Todos os posts de Dra. Suzana Vieira

Sou graduada pela Faculdade de Medicina da UFPE e completei minha formação na USP nas Residência Médicas (Clínica e Endocrinologia) e Doutorado. Atualmente, atendo como Endocrinologista em consultório particular (presencial e online) e sou Professora de Medicina na Uni9 Mauá

Análogos de insulina para diabetes tipo 1

Secreção de insulina basal e prandial

Para iniciar a discussão sobre os análogos de insulina, precisamos pincelar os perfis de secreção de insulina em pessoas sem diabetes.

Em pessoas sem diabetes, o pâncreas secreta insulina em dois padrões:

Insulina basal – mantém o metabolismo em estado anabólico; é uma secreção contínua nas 24h do dia;

Insulina prandial – picos de liberação para a captação de nutrientes da refeição, principalmente carboidratos.

No tratamento do diabetes tipo 1, o grande desafio é mimetizar os dois padrões de secreção fisiológica de insulina pelo pâncreas normal. Para isso, dois tipos de insulina são necessários: um de ação mais lenta que imitaria a insulina basal e outra de ação mais rápida, que faria o papel da insulina prandial.

Terapia insulínica basal-bolus

A insulina basal é administrada de forma independente da refeição e a insulina prandial em “bolus” antes de cada refeição. Esse esquema da utilização de dois tipos de insulina é conhecido como basal-bolus.

A insulina de ação rápida também pode ser usada para reduzir os níveis de glicemia para valores menores quando há um grande aumento dos seus níveis (hiperglicemia). Essa é a insulina de correção, que vem para corrigir o pico de glicose, enquanto a dose de insulina prandial é utilizada para prevenir o pico pós-refeição.

Na hipoglicemia, o pâncreas deixa de secretar insulina (endógena). Em pessoas com diabetes que fazem uso de insulina exógena na forma de injeções, a queda dos níveis de glicose não tem ação sobre a quantidade de insulina circulante. A falta desse feedback  negativo (ausência da ação da insulina na hipoglicemia) é uma das complicações do tratamento no diabetes tipo 1 que foi minimizada com a chegada dos análogos de insulina.

Insulinas subcutâneas

A descoberta da insulina foi um marco na vida de vários pacientes diabéticos e um grande avanço na medicina. A história da descoberta da insulina por Banting e Best em 1921 está em um post especial.

De lá para cá, a produção de novos tipos de insulinas só vem avançando. Entretanto, o uso de insulinas modernas não é uma realidade para a maioria dos pacientes. Dessa forma, é necessário incluir nesse post as insulinas humanas também para diferenciá-las dos análogos.

Insulinas humanas

Insulina regular

A insulina regular tem a mesma estrutura da insulina produzida pelo pâncreas: seis monômeros em torno de um íon de zinco que formam juntos um hexâmero. . Ela surgiu da forma que conhecemos hoje por engenharia genética no final dos anos 70.

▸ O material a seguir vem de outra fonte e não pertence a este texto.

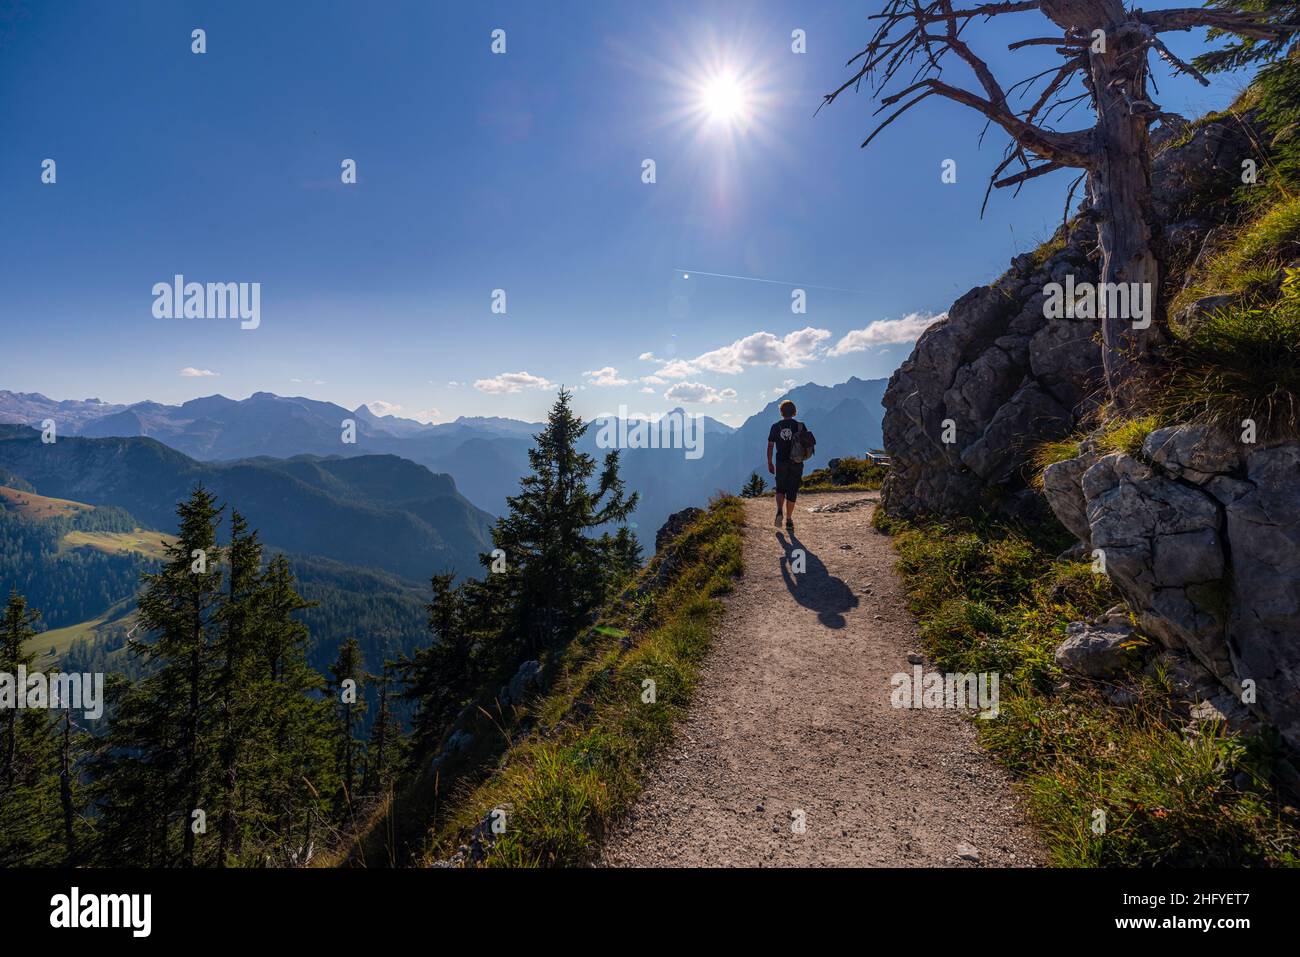 Alpen, Berchtesgadener Land im Sommer bei blauem Himmel und schöner Sicht Foto Stock

Quando administrada diretamente no sangue, os hexâmeros da insulina regular rapidamente se dissociam em monômeros, forma que interage imediatamente com o receptor de insulina para exercer sua ação de facilitar a entrada de glicose nas células.

Se administradas no tecido subcutâneo, os hexâmeros devem se dissociar em monômeros para então serem reabsorvidos pela corrente sanguínea. Essa necessidade de dissociação, faz com que haja um atraso no início de ação da insulina e um “desencontro” do pico de glicemia do alimento com o pico de ação de insulina, motivo pelo qual a insulina regular deve ser administrada pelo menos 30 minutos antes da refeição.

Insulina humana NPH (Neutral Protamin Hagedorn)

Em 1936, Hans Hagedorn e B. Norman Jensen descobriram que o efeito da insulina dos extratos de pâncreas animal poderia ser prolongado pela adição de uma substância chamada protamina, isolada do esperma de peixes, e misturada em proporções exatas com zinco e fenol. Essa mistura mantém o pH neutro e forma cristais que lentificam a absorção e prolonga o tempo de ação.  A insulina NPH tem esse nome como acrônimo de Neutral Protamine Hagedorn). Surgia assim uma insulina de ação mais lenta que é ainda é utilizada para mimetizar a insulina basal. Essa tecnologia foi utilizada depois para a insulina humana NPH.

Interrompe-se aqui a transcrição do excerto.